Lastly, the bigrams were created into features and labels and saved as the following variables:
- `bigrams_ch1` : contains the bigram pairs as token IDs for the tokenized text of Chapter 1
- `features` : contains the context token for each bigram
- `labels` : contains the target token for each bigram

In [2]:
with open('datasets/book.txt', 'r', encoding='utf-8') as f:
    raw_text = f.read()

# index Chapter 1
raw_text_ch1 = raw_text[1985:6468]

# cleaning and tokenization
lowered_text = raw_text_ch1.lower()
preprocessed_text = re.sub(r'([,.:;?_&$!"()\-\*\']|--|)', '', lowered_text)
tokenized_text = preprocessed_text.split()

# create vocabularies
unique_tokens = sorted(list(set(tokenized_text)))
w2ix = {word:ix for ix, word in enumerate(unique_tokens)}
vocab_size = len(w2ix)
ix2w = {ix:word for word,ix in w2ix.items()}

# token ID mapping of the text
tokenized_id_text = [w2ix[word] for word in tokenized_text]

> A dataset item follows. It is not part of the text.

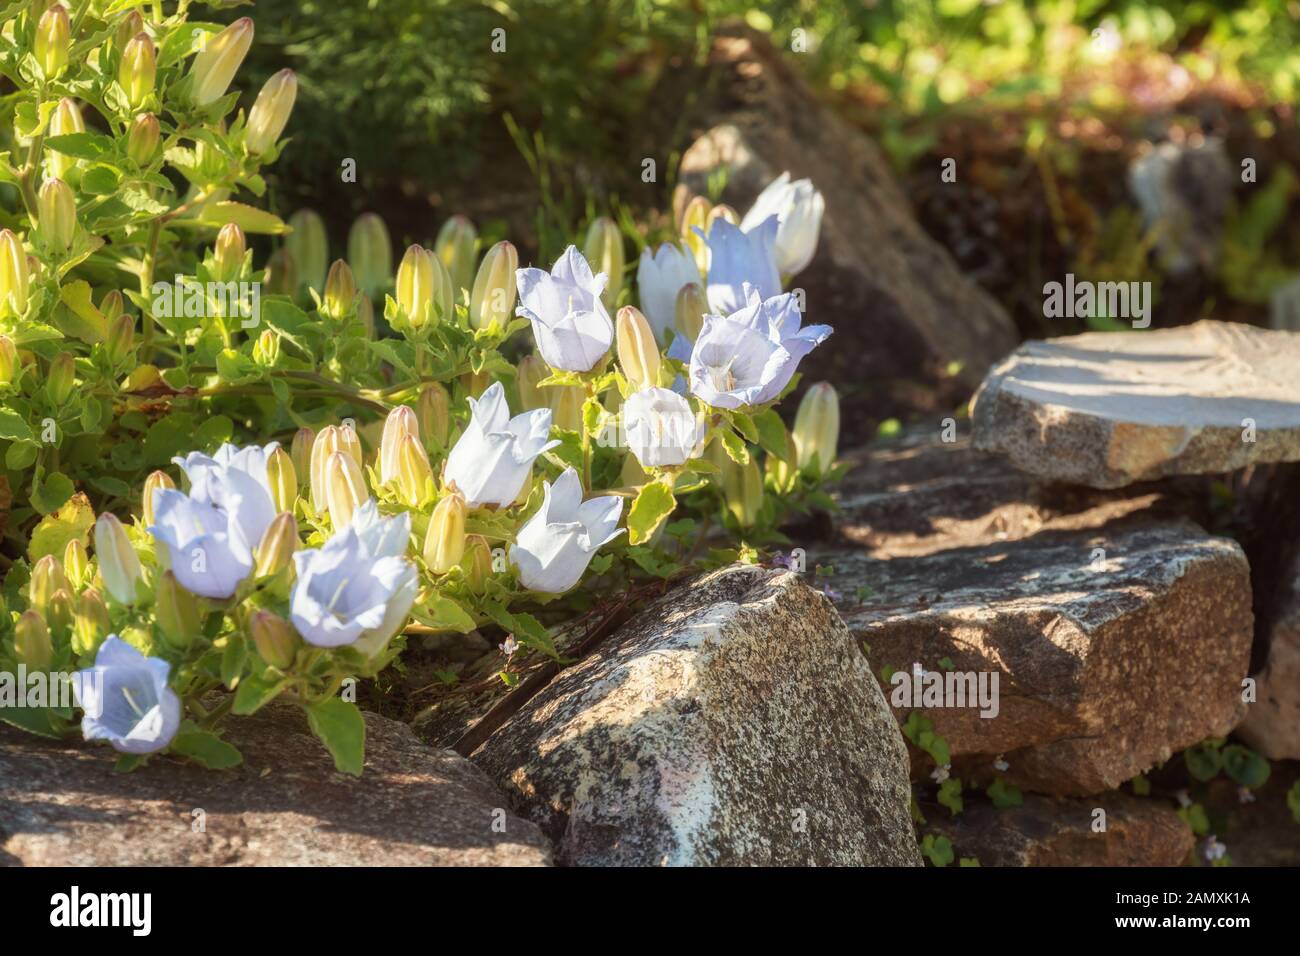 Campanula flowers. Fragment of the garden, white bellflower spreads over stones along path Stock Photo
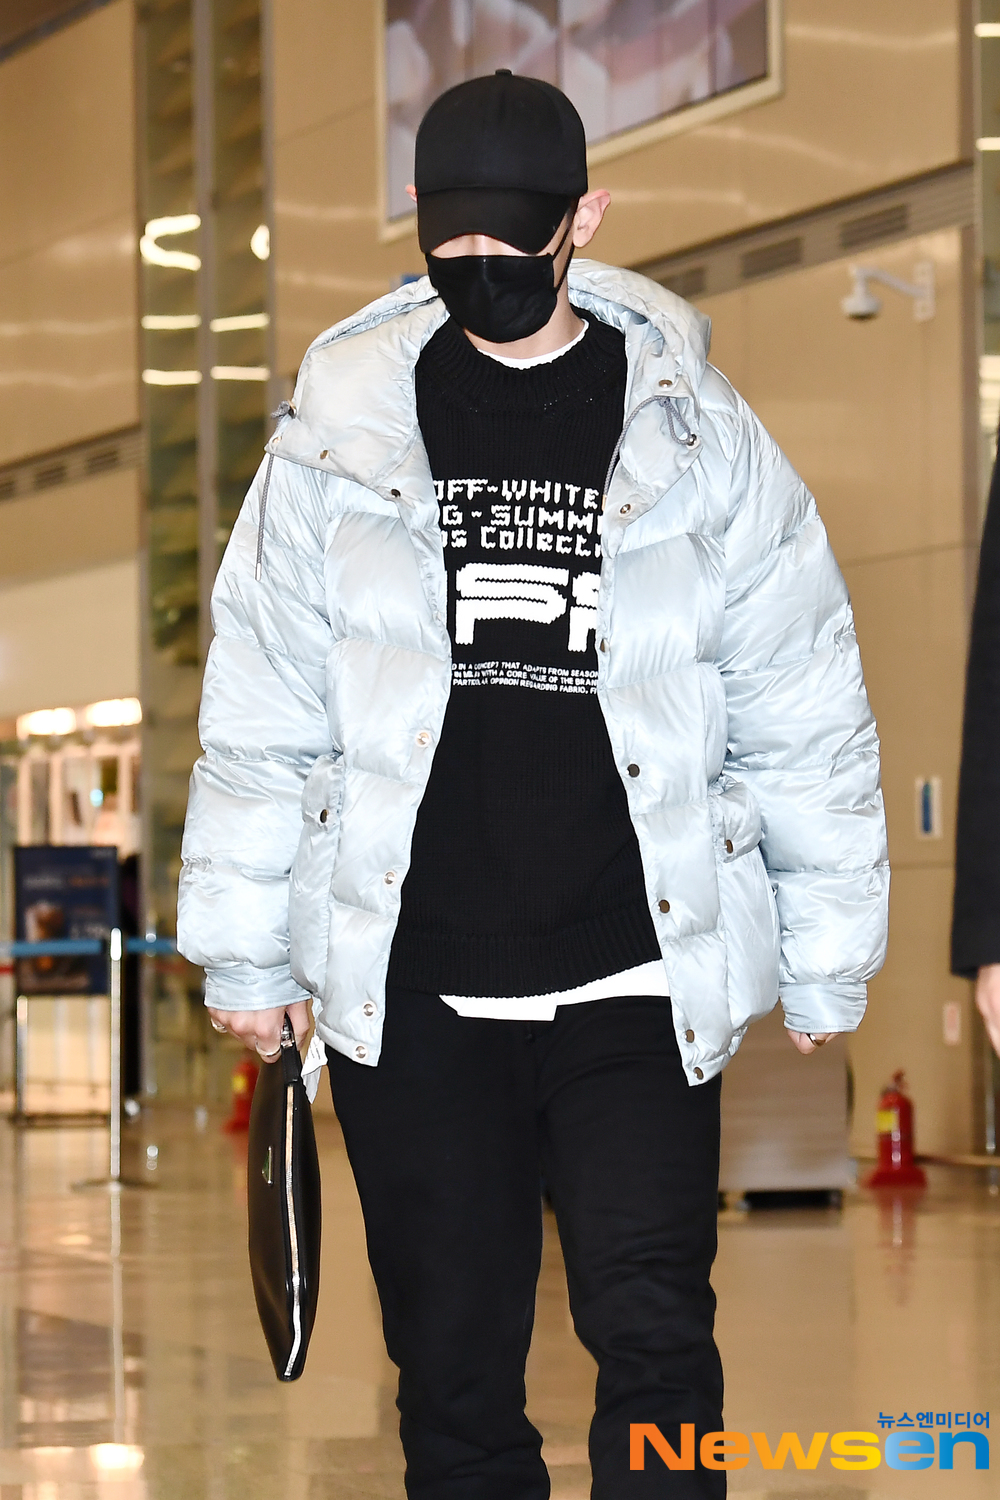 EXO (EXO) member Chanyeol (CHANYEOL) arrives at the Incheon International Airport in Unseo-dong, Jung-gu, Incheon, after completing an overseas schedule on the morning of January 24.exponential earthquake

# Map the tokens in the text to their token IDs
tokenized_id_text = [w2ix[word] for word in tokenized_text]

# Create Bigrams
bigrams_ch1 = np.array([[tokenized_id_text[i], 
                          tokenized_id_text[i + 1]] 
                          for i in range(len(tokenized_id_text) - 1)])

# Create Features and Labels Tensors
features = torch.tensor(bigrams_ch1[:,0],dtype=torch.long)
labels = torch.tensor(bigrams_ch1[:,1],dtype=torch.long)

**Construct Bigram Model Architecture**

Run the setup up cell below to create the `NextWordBigram` model class we built earlier that has been instantiated to the variable `bigram_model`. 

**Note**: we've slightly modified the the embedding layer to create embeddings with a dimension size of 6.

In [3]:
from torch import nn
torch.manual_seed(1) # set random seed --do not change!

class NextWordBigram(nn.Module):
    def __init__(self):
        super(NextWordBigram, self).__init__()
        self.embedding = nn.Embedding(vocab_size, 6)
        self.layer1 = nn.Linear(6, 18)
        self.layer2 = nn.Linear(18, vocab_size)
    
    def forward(self,x):
        x = self.embedding(x)
        x = self.layer1(x)
        x = self.layer2(x)
        return x

# Instantiate the bigram model
bigram_model = NextWordBigram()


First, let's initialize the loss function and the optimizer for training.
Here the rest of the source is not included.